New and flexible formats for immersive 3D audio
Sound and music playback systems have developed from mono and stereo to horizontal (2D) surround formats. The latter fixed-channel approach has certain shortcomings, and newer formats, such as Ambisonic and, in particular, Dolby Atmos, are gaining popularity. These formats extend to 3D audio by including height. Additionally, they decouple spatial authoring from reproduction by encoding the spatial audio scene into an intermediate format that later can be decoded for multiple playback formats. 3D audio thus can be reproduced in large venues such as cinemas or concert halls, in domestic environments, or binaurally on headphones, mobile devices, and in extended reality (XR). Many major streaming platforms for film, TV and music now support Dolby Atmos, and in the coming years, spatial audio might become the preferred format for distributing sound and music, similar to how stereo replaced mono in the early 1970s.
3D audio in the arts
Spatial audio has a long history in film, music, and sound art. Examples of early pioneering work include the FantaSound system developed for Disney’s Fantasia in 1940-41 and the audio-visual multimedia enhanced Phillips Pavilion in 1958 by the Le Corbusier office, which featured compositions by Varèse and Xenakis distributed to ca. 350 loudspeakers. While there is a rich tradition of exploring spatial audio in music and sound arts, the film industry has taken the lead in developing commercially distributable formats for spatial audio.
Between sound and music
From modernity onwards, the distinction between music and sound has blurred. Arts and culture have undergone a sonic turn that conceptualises sound art as a practice situated between and beyond music and visual arts. Compositional material is increasingly preoccupied with the sonic domain against which music earlier on defined itself: noise, silence, and non-musical sound. In classic film there is a narrative divide between diegetic sound and non-diegetic music. Diegetic sound exists within the world where the film takes place, while music is positioned outside that world. The late musicologist and film scholar Kulezic-Wilson suggested a tendency for this divide to blur as music approaches sound design and vice versa in integrated soundtracks; “sound design is the new score”. This tendency is part of a more general musicalisation of all parts of the film and is in part technologically driven or afforded, as the same editing software is used for music and sound design. Similar tendencies are theorised in sound design for games.
Axis thinking
Through artistic research, this project explores new creative and expressive possibilities along three axes that jointly define a multidimensional space with diverse artistic practices and possibilities.
The first axis spans from real space to virtual reality, with several means of artistic expression within sonic arts, film, games, and XR distributed along this axis. The key is that the same 3D audio formats can be used.
A second axis maps how various artistic genres are positioned along a continuum between music and sound. Some may be “pure music,” others “pure sound,” but the line often blurs in experimental music and sonic arts, as well as in film and game sound.

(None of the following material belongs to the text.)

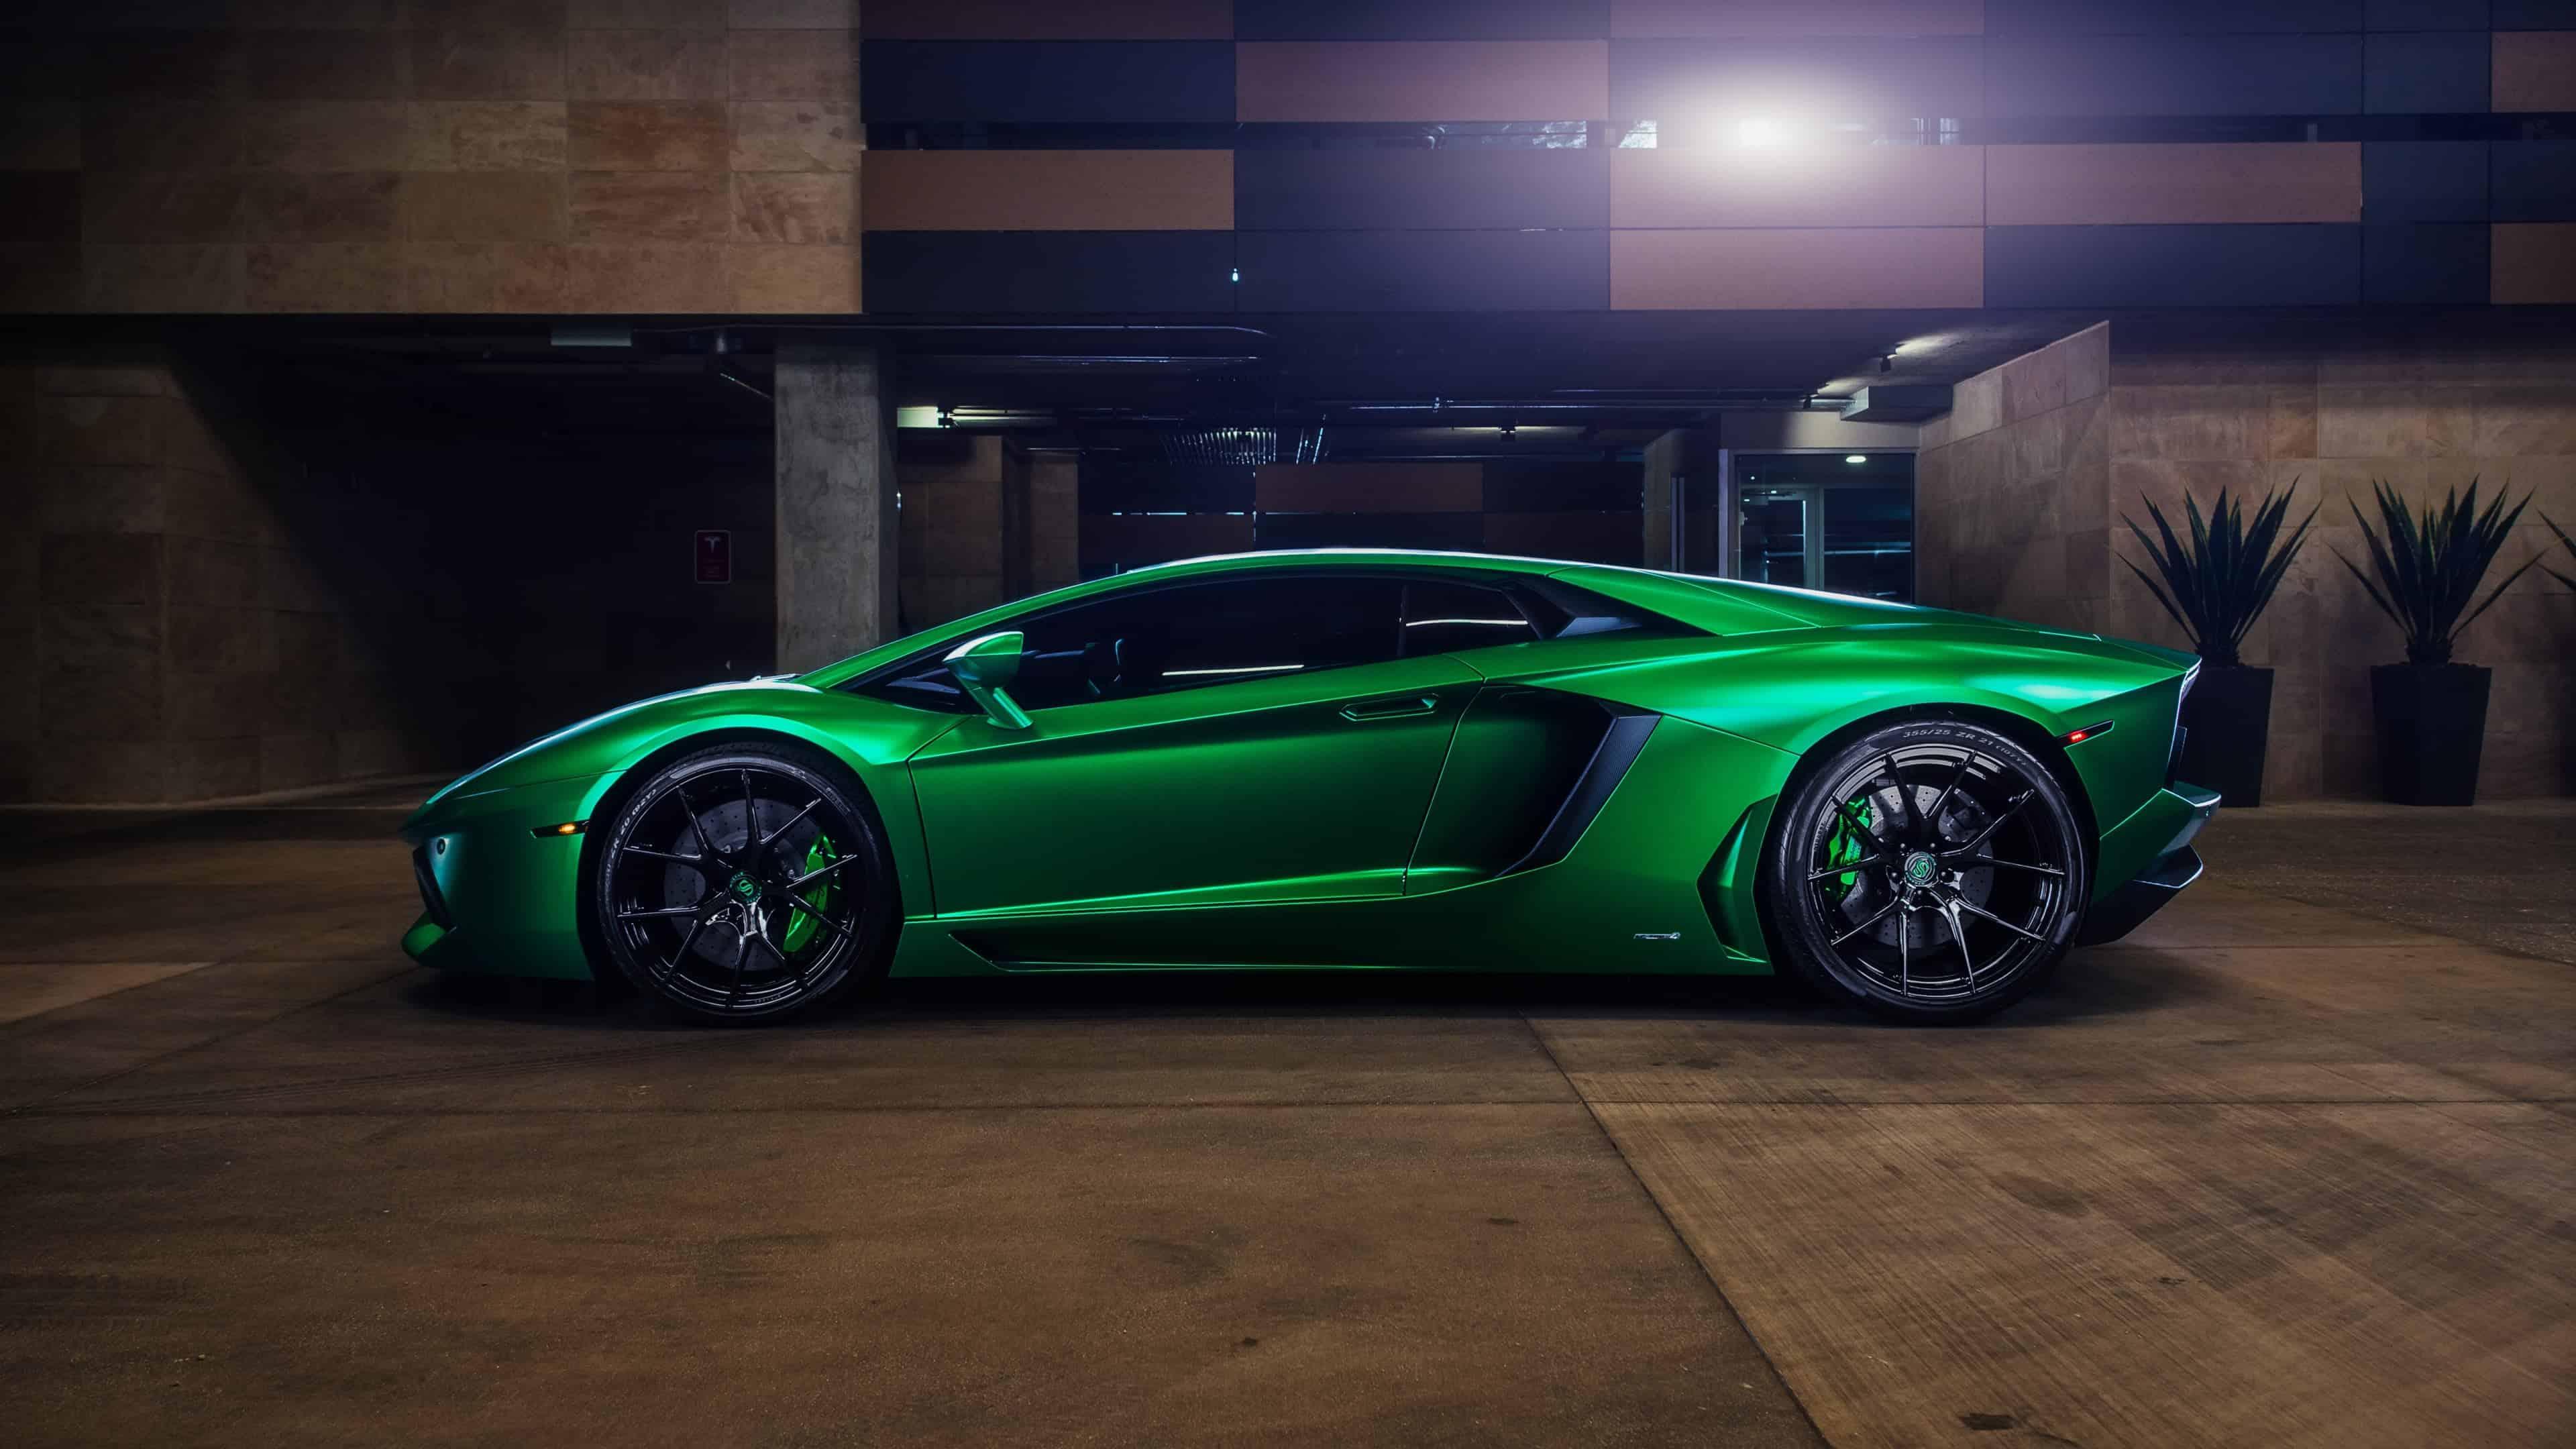 Lamborghini Aventador Coupe Uhd 4k Wallpaper Pixelz

A third axis connects the fields of sonic arts with sound and music in film, games, and XR. The same or similar editing software is used in both fields, and this research project cleaves open a productive space for cross-disciplinary exchange, enriching both fields.
Artistic Research
![A room in a former school building in the village of Poço do Canto. Four videos on the wall show videos filmed in the surroundings, and plinths in the room offer seating for the audience. Part of a loudspeaker can be seen in the front.](/english/research/research-projects/artistic-research-into-3d/poco-do-canto-1000px.png)

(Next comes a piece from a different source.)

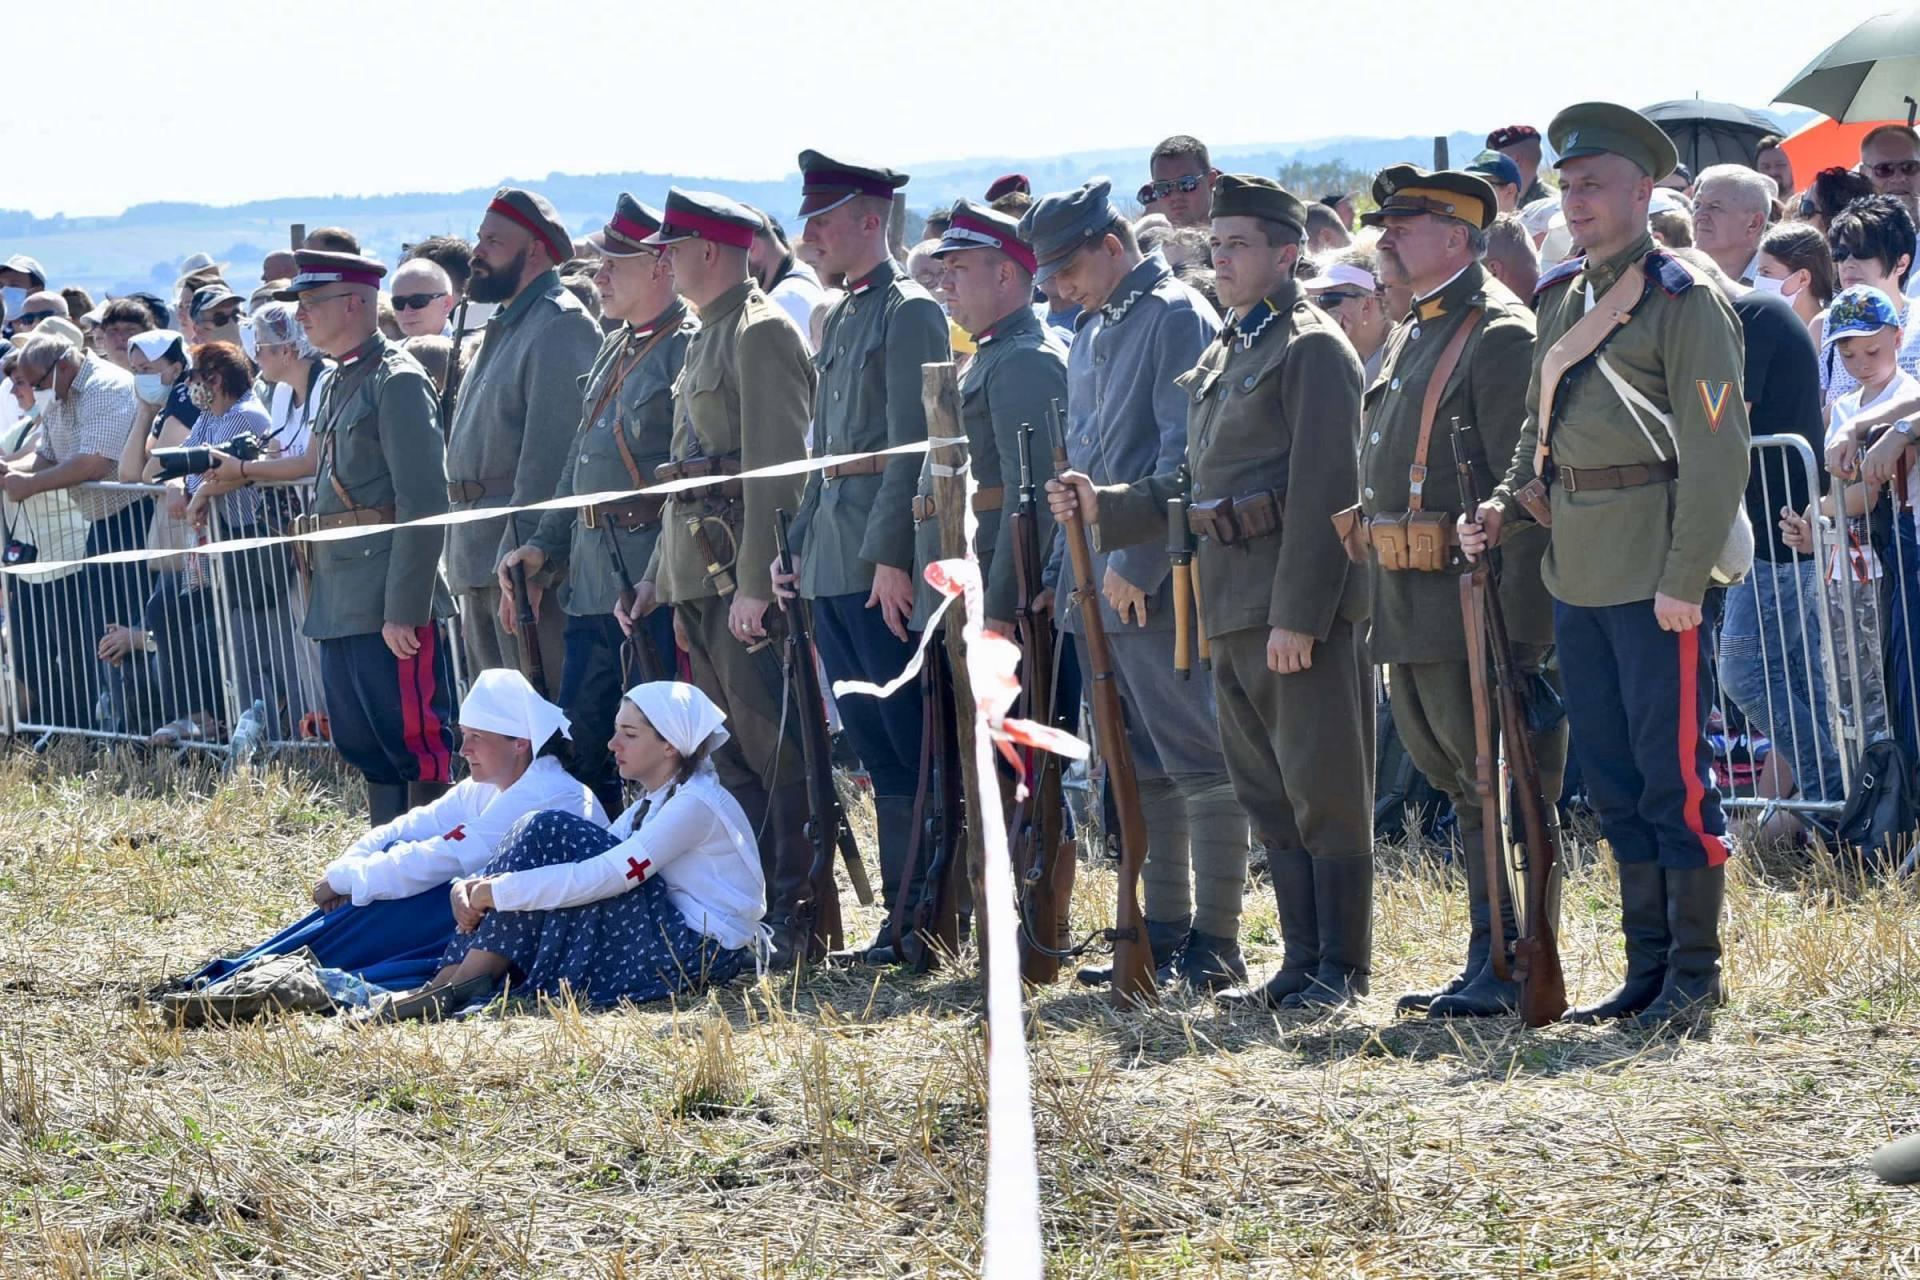 dsc 0552 Czas szabli - 100 rocznica bitwy pod Komarowem(zdjęcia)

The methodology is within artistic research, emphasising research in and through artistic practice. A series of artistic and creative works and studies will be carried out, individually and in collaboration, mapping the space of expressions along axes as discussed above. Examples are sound and audio-visual installations, film in the expanded field, projects exploring audio-only augmented reality such as soundwalks, and explorations of how artistic works, when developed, shared, and distributed, can transition between real and virtual (binaural) space. How can VR be used for the development and documentation of sound installations?
Implicit is exploring, developing, and exchanging methods and perspectives on aesthetics for composition and sound design in 3D audio. Additionally, the research project aims to develop new tools for Ambisonic composition and design according to the needs of the various artistic projects. Artistic explorations and outcomes will be documented, and the project will lead to published expositions of artistic research that share and reflect on working methods and insights, emphasising interdisciplinarity.